AFM analysis was carried out utilising TT-AFM equipment in vibrating (tapping) mode from the AFM Workshop in the United States. After depositing 10 l of AgNPcol onto a clean mica substrate and allowing the sample to dry at room temperature, 6 m area scans were performed. Utilizing ACT-20 cantilevers with a resonance frequency of around 319 kHz, representative images were created after drying. With the help of Gwyddion software 2.40, images were examined [8].

RESULTS AND DISCUSSION

AgNPcol's crystallinity profile was determined by XRD, and after being normalised based on the amor- phous area, which belonged to the collagen phase, it was analysed using the Rietveld method. Silver and silver chlorides were present in the other phases discovered by ICSD (Inorganic Crystal Structure Database) searches (ICSD 44387 and ICSD 56538, respectively) [9]. The R indices calculated after each refinement cycle, which include the adjustment of the profiles by the least-square of the parameters for lattice cell, peak broadening, and background [10], were used to determine the method's convergence. a diffract gram will be produced once the With a smooth residual curve and low R-values, refinement demonstrates the data's convergence: Rexp = 0.96508, Rwp = 1.45883, and goodness of fit 2 = 1.51161. The Rietveld technique determined that the silver phase's crystal size was 138.78832 nm. Calculating the ratio of the crystalline peak area to the entire area of the diffractogram, the percent crystallinity was determined to be 12.67667% crystallite phase [11]. The sample had the AgCl phase in addition to the pure silver phase. As the combination of the nanoparticles doesn't include chloride. The presence of chloride happens just in collagen cleaning and in view of this was the arrangement of AgCl. In any case, there were no periods of silver oxide, appearing that the metal nanoparticle was better balanced out. At an acidic pH, the amino acids along the sort I collagen particle are positively charged, giving the whole collagen particle a positive charge and making gathering arrangement around metallic particles possible. Consequently, the outcomes shown the arrangement of metallic groups encompassed by collagen. These groups collected themselves to lead to the nanoparticles, which were obvious on the off chance that the crystallinity information was broke down at around 12%. Molecule size and still up in the air by DLS and results showed a molecule size of 140.7 ± 7.8 nm and a zeta capability of + 20.1 ± 0.7. The not entirely settled by DLS is in understanding with the crystallite size of the not entirely settled by the Rietveld strategy, regardless of the distinction in the estimation states [12]. Through this information, we can reason that the AgNPcol profile doesn't change with movements of strong media in fluid, and keeps up with its firm construction. The morphology of AgNPcol should be visible in which we can observe circular nanoparticles [13].

CONCLUSION

Following exposure to nanoparticles, reactive oxygen species (ROS) production may lead to harmful consequences in cells. Based on our earlier findings in cytotoxicology and genotoxicology, as well as information from the literature about the toxic processes of AgNps, it has been established that the main mechanism caused by nanoparticles is the creation of ROS. Our earlier research demonstrates that AgNps coated with PVA (polyvinyl alcohol) caused ROS formation, which resulted in DNA damage in HepG2 human cancer (hepatocarcinoma) cells and primary normal human peripheral blood mononuclear cells (PBMC). This method may cause cancer cells to undergo significant extension of apoptosis or necrosis. The literature has described the electrostatic interactions between positively charged nanoparticles and the intended cancer cells. The majority of the time, cancer cells has a lot of anionic.
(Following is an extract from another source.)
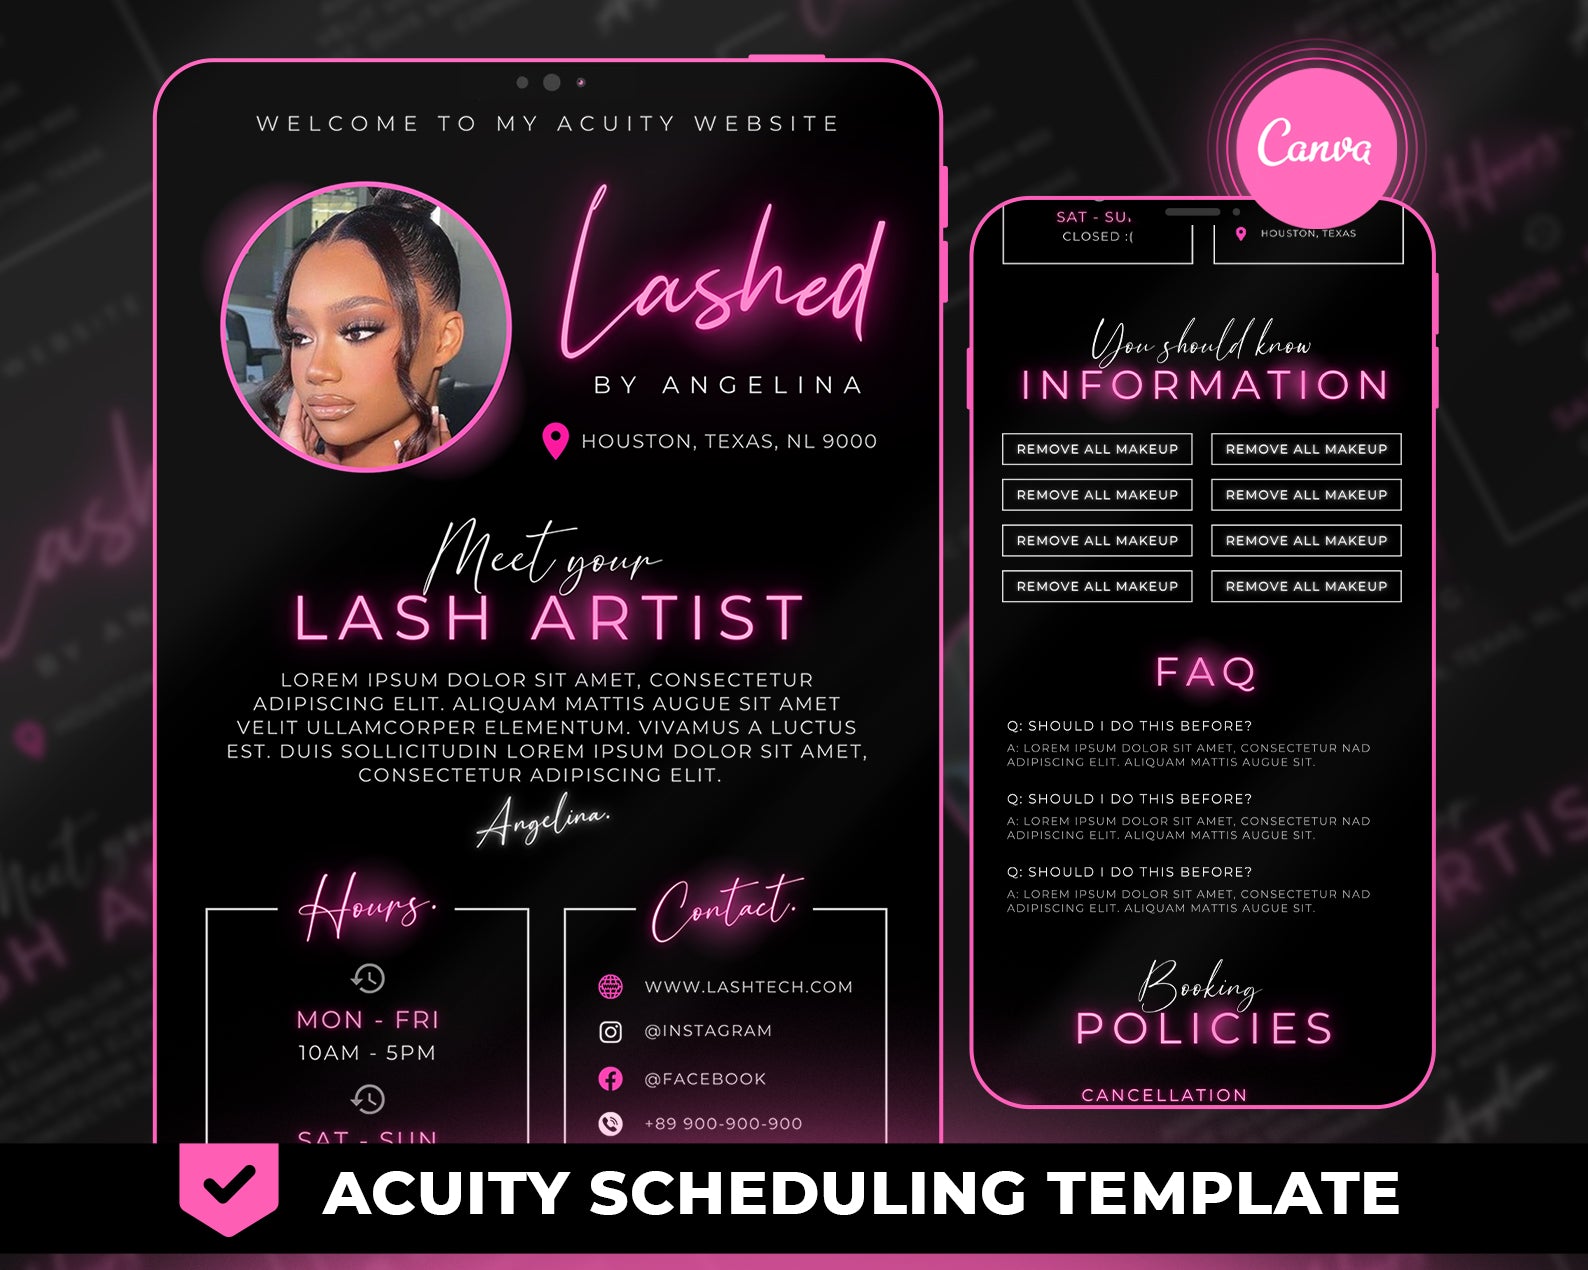 Acuity Scheduling, Lash Artist, Canva Template

Citation: Silva S (2022) Study on Cell Viability, Skin Penetration, and Edoema Inhibition Using Collagen-based Silver Nanoparticles. J Nanomed Nanotech. 13: 644.

Copyright: ©2022 Silva S. This is an open-access article distributed under the terms of the Creative Commons Attribution License, which permits unrestricted use, distribution, and reproduction in any medium, provided the original author and source are credited.